シングルマザーが突然死…退去期限迫るアパートには6匹の猫が 残された子どもたちのSOSが命をつなぐ

関東地方のある家庭で6匹の猫の多頭飼育崩壊が起こった。飼い主はシングルマザーと3人の子どもたちだったが、ある日突然お母さんが死亡した。

残された子どもたちのうち、一番年上の18歳のお子さんが、2日おきにアパートにごはんだけあげに行っていたという。ただ、3月末には、アパートを引き払わなくてはいけないという退去期限が迫っていた。

愛護団体NPO法人ねこけん(以下、ねこけん)は、そのことを知ったメンバーKAWさんから相談を受けた。
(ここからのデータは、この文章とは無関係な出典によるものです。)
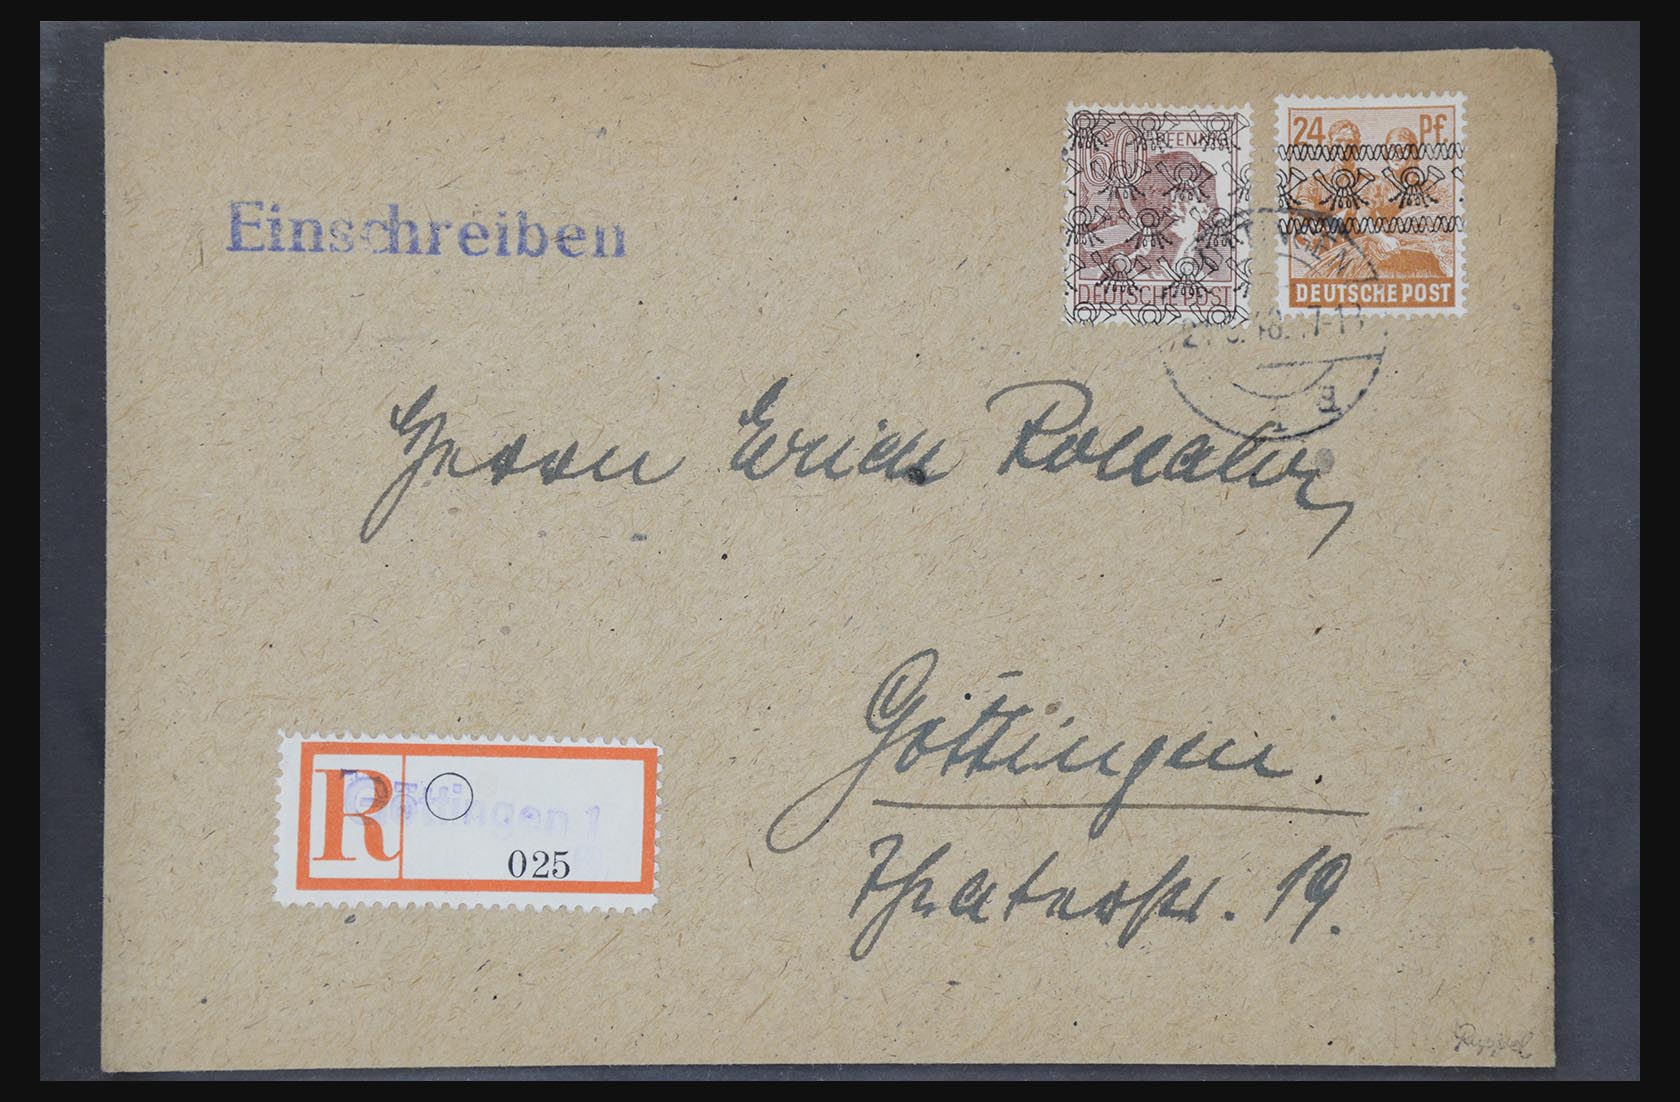 31581 009 - 31581 Duitsland brieven en FDC's 1945-1981.

「娘さんがあちらこちらにSOSを発したものの、どこにも引き受けてもらえず、ただただ時間だけが過ぎていったということでした。確かに、多頭飼育崩壊や、飼育困難のSOSがとても多くて、3月なので子猫シーズンに突入する季節でもあり、引越しシーズンで捨て猫が増える時期でもありました。」

ねこけんも他の団体と同じような状態ではあったが、残された18歳のお子さんと実際に話をしてみた。代表は、「月末までにアパートから猫たちをレスキューしなくてはならない!全部救う!」と腹をくくったという。

■アパートに残されていた3匹の猫

6匹の猫のうち3匹は友達の家で預かってもらっているということだったので、ねこけんの代表とメンバーは、ひとまず3匹の猫が残されているアパートに緊急出動した。玄関ドアを開けるや否やマスク越しにも吐き気を催すような臭気が漂ってきた。

「お子さんがごはんをあげていたのですが、トイレはそのままになっていて猫の糞が堆積していました。」

薄暗い室内で猫を探すと、ボックスの陰からこちらを見ていた。人恋しいのか、他の猫のニャーンニャーンという声もした。すると三毛猫が出てきて、娘さんが置いていたカリカリを食べ始めた。押し入れには大きな白黒猫が。

「室内は物が散乱し、まだ寒い季節でしたがエアコンもなく、毛布が2枚置いてありました。他に暖が取れるものはありませんでした。」

代表は、「ここには置いて行けない!今日連れて帰るよ!」と言った。2匹の猫はすんなり捕獲できたが、1匹は難航したという。捕獲しようとしても逃げる、逃げる。最後には、捕獲機よりも優秀という代表の手で捕まえられた。

「一時避難所まで運んでキャリーからケージに移動させ、ごはんをあげると、環境が変わったにも関わらず、猫たちはカリカリとごはんを食べました。よほどお腹が空いていたのでしょう」

■幸せの痕跡

友人の家にいるという3匹の猫も保護してほしいと言われていたので友人宅に出向くと、ご自身でもたくさんの猫を家族に迎えている人だった。

「本当はうちで飼ってあげられたらよかったんだけど、うちも猫がたくさんいて。どうかこの子たちをお願いします」と、涙を浮かべて別れを惜しんでいたそうだ。

「あのアパートの一室には、母親と3人の子供たちと6匹の猫の幸せの痕跡がありました。先々に何が起こるかなど誰にも分かりません。不幸にも若くして突然お母さんが亡くなり、残された幼い子どもたち3人はさぞかし心細く、また6匹の猫をどうしたらよいのか分からず、途方にくれたのだと思います。」

代表は、「6匹とも全部!必ず幸せな猫生へ送り出します!」と誓い、全員里親の元に旅立った。子どもたちは、祖父母のもとで暮らすことになったという。